Methods From search results of the hospital database, out of 652 patients who underwent TACE for HCC, 73 patients of HCC with PVTT were retrospectively evaluated. Post-TACE tumor response by computed tomography (CT)/magnetic resonance imaging (MRI) imaging as per modified response evaluation criteria in solid tumors (mRECIST) criteria, if any occurrence of acute hepatic failure was assessed. Prognostic factors influencing survival were also determined.

Results In our study population, the mean age of the patients was 58 years. The 12- and 24-month survival rates were 59 and 14%, respectively, with an overall median survival of 12.3 months. A total of 58.9% patients had branch portal vein tumor thrombus and 41.1% had tumor thrombus in the main portal vein. We did not encounter any mortality or acute liver failure following TACE in a 30-day period. Both univariate and multivariate analysis revealed Child–Pugh score (p = 0.01) and the extent of tumoral thrombus (p 0.004) as a significant prognostic factor. Patients with branch PVTT, no ascites, and Child–Pugh A had better survival than those having main portal vein tumor thrombus, ascites, and Child–Pugh B.
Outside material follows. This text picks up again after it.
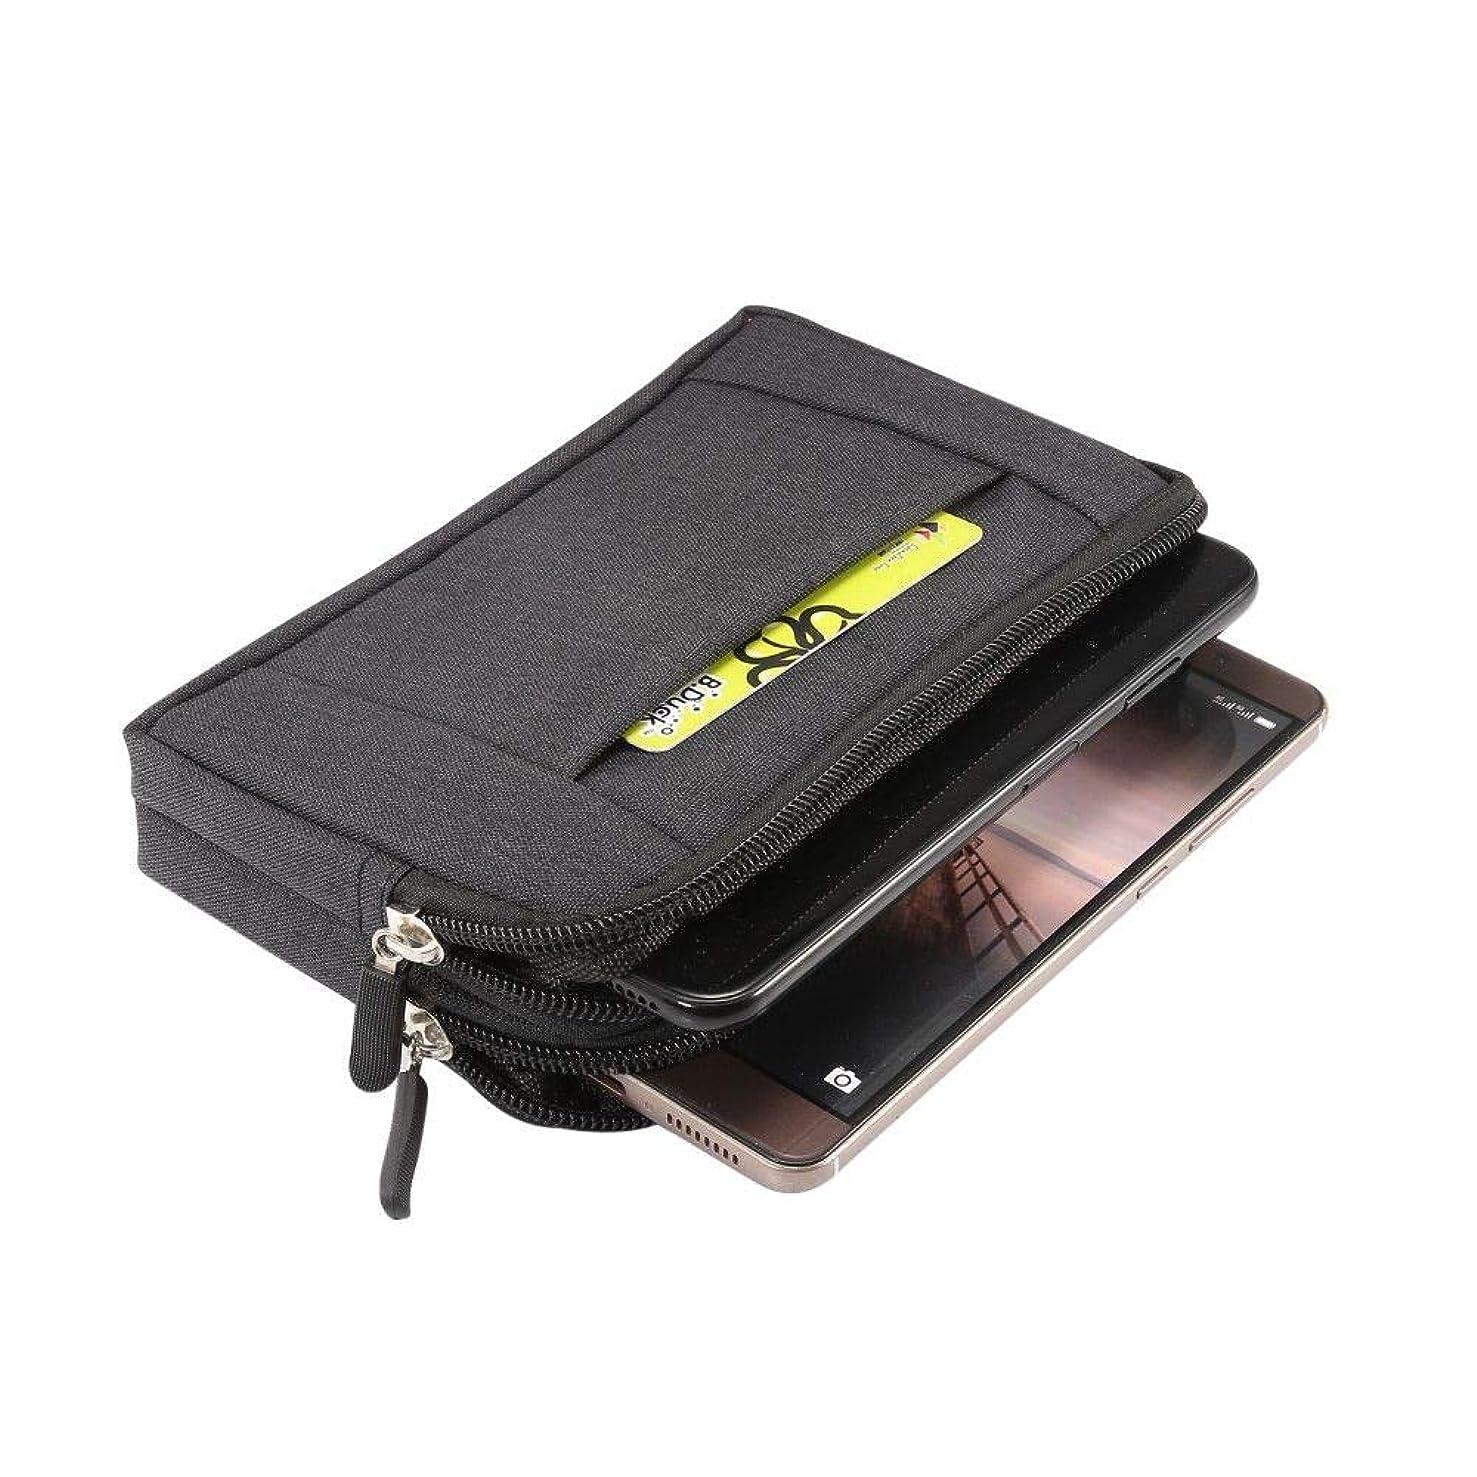 DFV mobile - Multipurpose Horizontal Belt Case 2 Compartments Zipper for => Samsung SGH-N417 Galaxy Feel 4G > Black (16,5 x 9 x 2 cm)

Conclusion Our study concluded that TACE can achieve good disease control and improved survival in HCC with portal vein invasion despite being considered as a relative contraindication. Technical expertise, selection of patients, such as superselective catheterization and preserved liver function, are the key factors for a safe therapeutic procedure. Child–Pugh score and extent of portal vein invasion were the significant prognostic factors determining survival.



Publication History

Article published online:
04 August 2021

© 2021. Indian Radiological Association. This is an open access article published by Thieme under the terms of the Creative Commons Attribution-NonDerivative-NonCommercial-License, permitting copying and reproduction so long as the original work is given appropriate credit. Contents may not be used for commercial purposes, or adapted, remixed, transformed or built upon. (https://creativecommons.org/licenses/by-nc-nd/4.0/).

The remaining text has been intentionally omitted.